Перекатываться бы ему и дальше мешком картошки от дома до литейного цеха и обратно к ошпаренной бытом супруге и неразговорчивому сыну-шестикласснику, но Герман поменялся после своего тридцать четвертого дня рождения. В то июньское утро, растянутый похмельем на диване, он дежурно продрог и неожиданно для себя, через крик, расплакался, аж заглушил телевизор. Слезы те были сиротливой старухи, через нерв, и казалось, без причины.
Тогда и в следующие дни он чувствовал внутри себя январское, по-больному пенное южное море. Нет, прежде он сказал себе, что это холод, но потом в заводской седеющей голове, до того дня якобы не знавшей высокой поэзии, неожиданно пролилось хриплым музыкальным голосом «январское, по-больному пенное южное море». Следом появилась странная, совсем не свойственная для рядового «кузьмича», осуждаемая в сермяжной среде мечта. От нее, как казалось Герману, он и дрог в то лето, прятал спину-холодильник за просаленную толстую «болонь».
* * *
В четверг, после работы, Король вошел в холодные не по крымскому июлю тополиные сумерки городского парка. Перед тем как пойти на спокойный бледно-лиловый дым летней площадки кафе, остановился у бетонной трубы эстрады, злобно всмотрелся в темноту сцены: из глубины, как ему казалось, на него нагло смотрели два растрепанных черных профиля.
— Чё? — грубо, наугад вырвалось из Германа.
— Мяу, — протянули профили детскими голосами, а после, вытянувшись в резком прыжке в марионеточные силуэты, со смехом в еще три прыжка пропали за эстрадой.
Герман побранился: «Во уроды!» — и пошел к летнику.
Войдя в пелену площадки, где через муторный шашлычный жир скатывался и раскатывался ковер человеческих голосов, он расслышал мужское отдаленно-барабанное: «А мертвеца того земля не принимает...»

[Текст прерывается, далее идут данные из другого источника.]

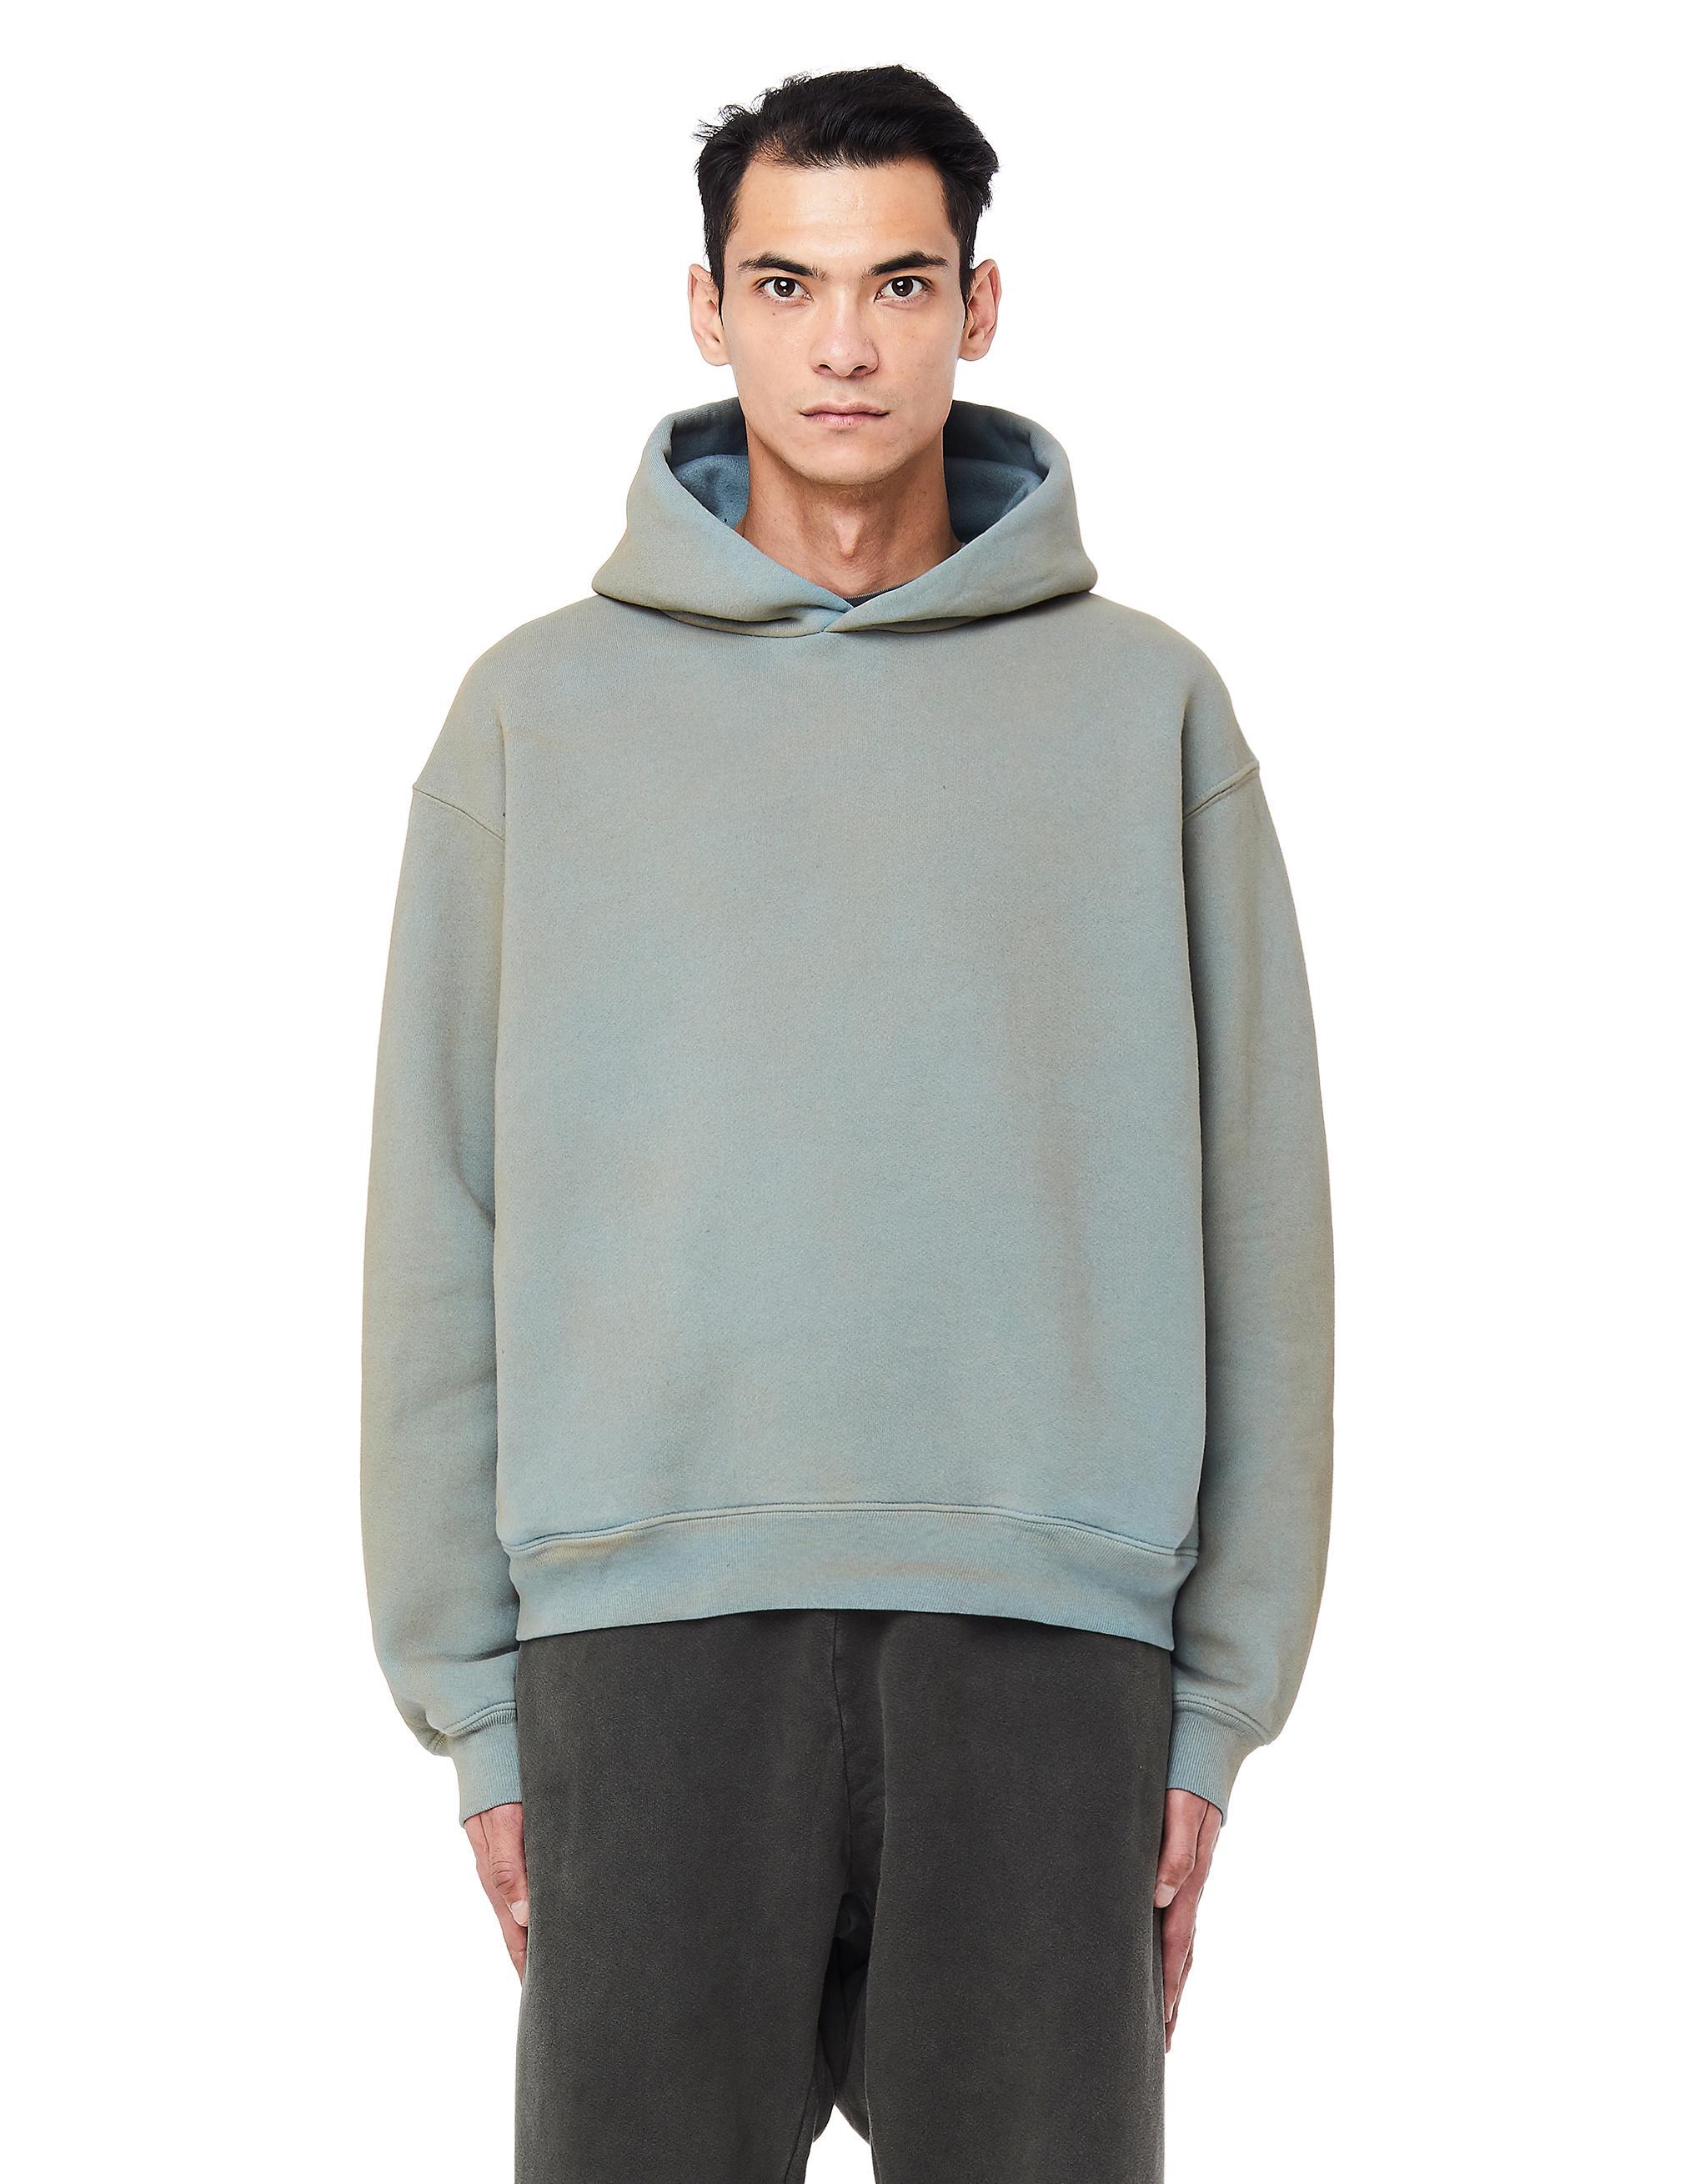 34347e651 Yeezy Glacier Cotton Hoodie in Blue for Men - Lyst

«Разговор какой завел, — проходя за пустой стол и боясь смотреть в лица выпивох, думал Король. — Человек, видимо, умный. Мое оценит...»
Подпив, Герман виновато осмотрел занятых беседами посетителей. Вот этот зализанный русак с интеллигентным молочным лицом — возможно, подойдет. Может, он и говорил про мертвеца. Его товарищ, седая гора, вытянутая харя, которую будто легонько обмакнули в холодный борщ, до того сильно пьет мужик — даже не пытайся. Баба эта рыжая, сморчковый овал, черная завсегдатая, свирепеющая каждый раз от водки — да, но ей особенное нужно протянуть словами, как, впрочем, и вишнеликой, уставшей от еженедельных выходок Короля наливайщице-брюнетке.
Король пытался улыбаться летнику, но губы почему-то дрожали, в общем, кривилось лицо.
«Ох и скоты все же... Ну ладно, можно и без нежности все сделать, даже дергано, урывками. Главное, опять попытаться...»
— Я вам сейчас Высоцкого почитаю, — сказал он уверенно, достаточно громко.
Тот, что из борща, с усмешкой посмотрел на Германа, после кивнул молочному: гля, мол, этот поехал крышей.
— Ребят, Высоцкий, да?! — спросил Король громче.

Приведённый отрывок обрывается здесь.